PROVIDED ENTRIES =>
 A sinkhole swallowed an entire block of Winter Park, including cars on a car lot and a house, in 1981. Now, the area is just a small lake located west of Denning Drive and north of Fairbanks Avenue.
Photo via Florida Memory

==

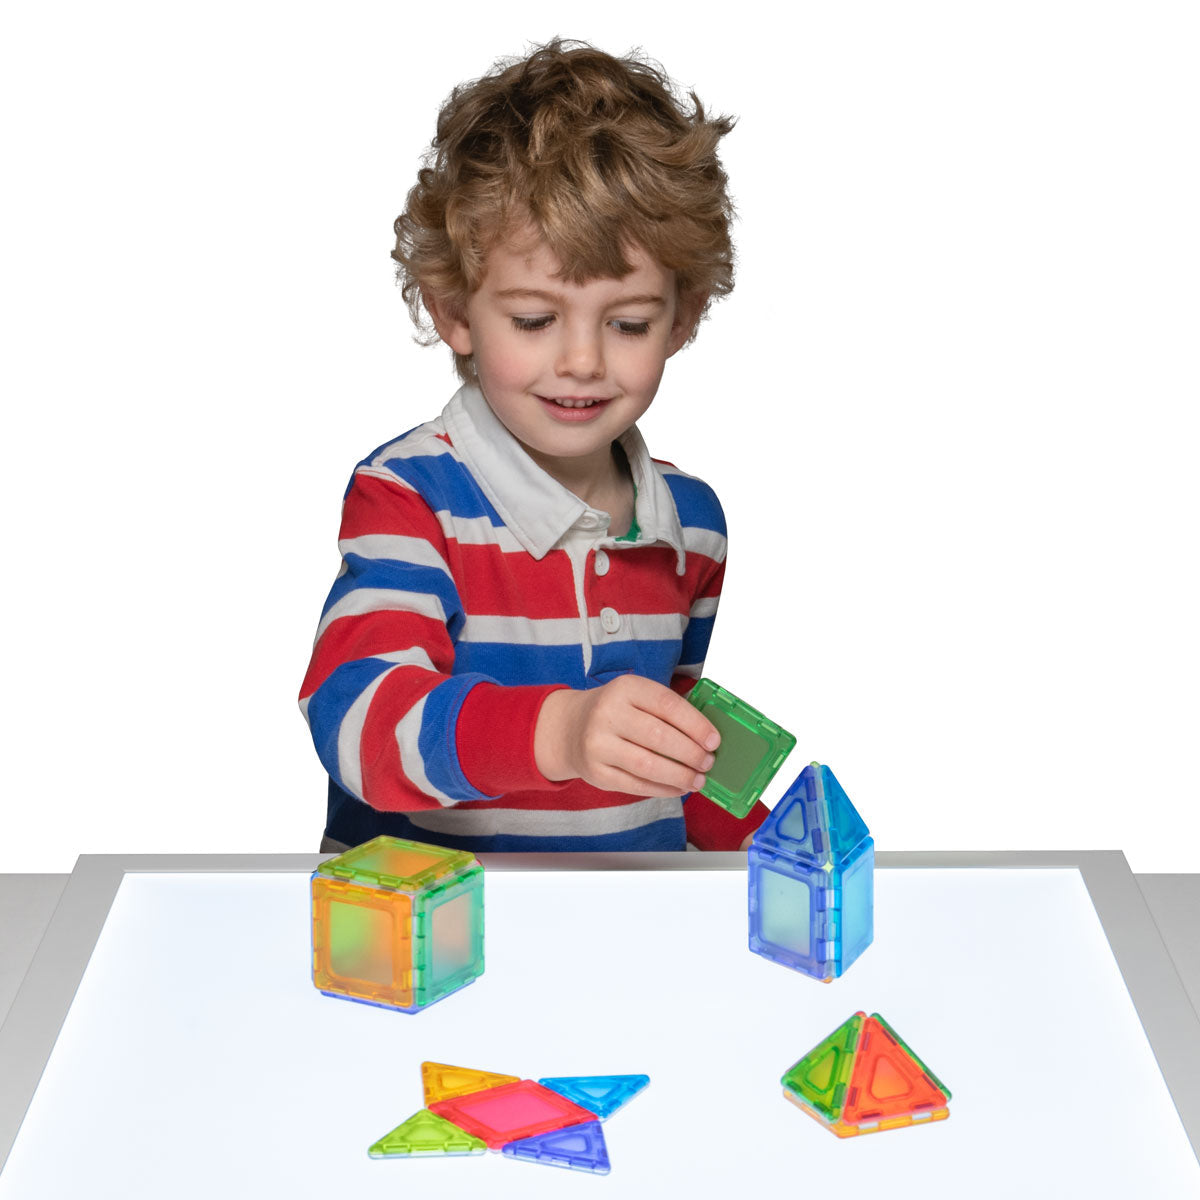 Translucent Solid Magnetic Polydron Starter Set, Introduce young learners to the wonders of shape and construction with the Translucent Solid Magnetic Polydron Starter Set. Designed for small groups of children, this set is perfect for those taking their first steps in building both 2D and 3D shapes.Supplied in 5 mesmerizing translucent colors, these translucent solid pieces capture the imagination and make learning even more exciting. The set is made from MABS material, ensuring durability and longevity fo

EXERCISE DETAILS => Both end lines included, restate word for word the lines above from the line with "A sinkhole swallowed" to the line with "Photo via Florida Memory", and nothing else.

YOUR SOLUTION =>
 A sinkhole swallowed an entire block of Winter Park, including cars on a car lot and a house, in 1981. Now, the area is just a small lake located west of Denning Drive and north of Fairbanks Avenue.
Photo via Florida Memory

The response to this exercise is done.